Two-tenths is shaved off the Cali T’s 100kmph time, now taking 3.5 seconds. The excellent 7-speed twin-clutch gearbox shifts harder and faster, both up and down the ratios, and aids in getting to 200kmph in just 10.8 seconds. Top speed is over 320kmph. Oh, and you also get a cruising range of 740km, handy when racing a speedboat back to St Tropez. It also sounds harder and more powerful, engineers making a big deal of the aural quality aided by an electronic flap in the exhaust that remains closed to be ‘socially-responsible’ at idle shouting out a strong soundtrack when the throttle is depressed more than 50 per cent or in Sport mode.
We didn’t drive the Portofino in Portofino, it’s the off season in the Italian Riviera and so we landed up in Bari on the south-eastern coast of Italy where the roads were the worst I’ve experienced in all of Europe.
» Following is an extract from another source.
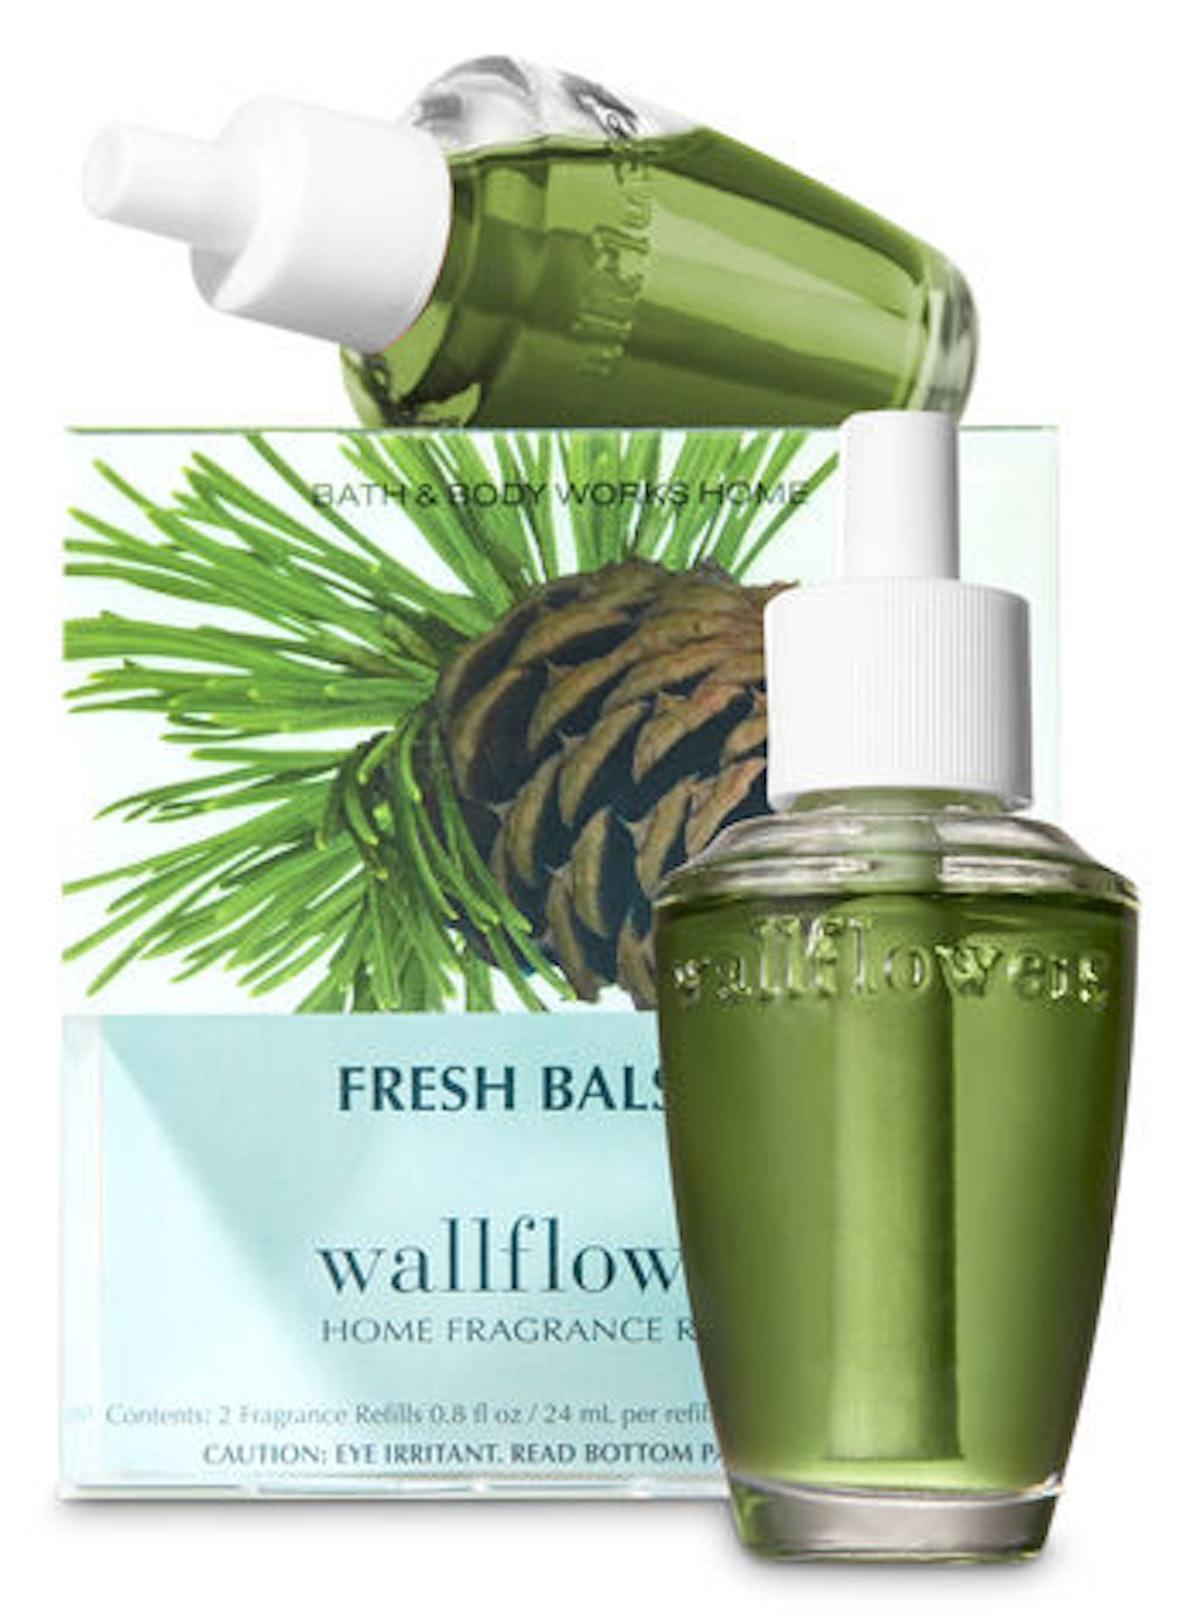 Fresh Balsam Wallflowers Refills Two-Pack

On the plus side though I can tell you with complete conviction that the Portofino will work very well in India. Stick the F1-inspired Manettino in Comfort and the ride quality over broken roads for a 591bhp sportscar is astonishingly good. There’s 120mm of ground clearance and short overhangs so there’s no need to worry about the nose grinding on road imperfections, so much so that it doesn’t get or need a nose lifting mechanism like on the 488. And when you’re in the mood to drive a Ferrari like a Ferrari ought to, sticking Manettino in Sport, there’s still a bumpy road mode for the suspension that gives you great ride while sharpening the exhaust note, steering, gearbox and engine responses.
Add to that the Portofino is very easy to drive. Like all Ferraris the steering is incredibly quick, 7 per cent quicker than the California’s, and the unintended side effect is that dodging potholes needs the merest suggestion on the steering wheel. It does make the car slightly too busy and requiring more concentration at motorway speeds but you get used to it.
Not only were the roads poor but it also rained on our drive making the roads greasy and slippery. With sturdy centuries-old stone walls lining the narrow roads caution was the order of the day but I can tell you that the light steering allied to the uncanny absence of body roll does feel aloof when pushing on. Just when you go from six-tenths to nine-tenths, want to be dialed into the entire experience, the Portofino filters out that last layer of detail. And without the safety net of Side Slip Control I didn’t attempt oversteering it on these roads.
Then again if you want a slide-slipping Ferrari there’s the 488 GTB. What’s remarkable about the Portofino is that despite the hardcore performance you can drive it at a relaxed pace. It engages you at moderate speeds; it flows, there is compliance in the damping and the cabin is plush. Top up it will rush through the Cote de Azure getting you from the French to Italian Riviera at great speeds. Top down it feels at home with the rich and famous soaking in the sun in Portofino. It’s a stretch imagining one using a Ferrari everyday, but as an everyday Ferrari the Portofino is spot on.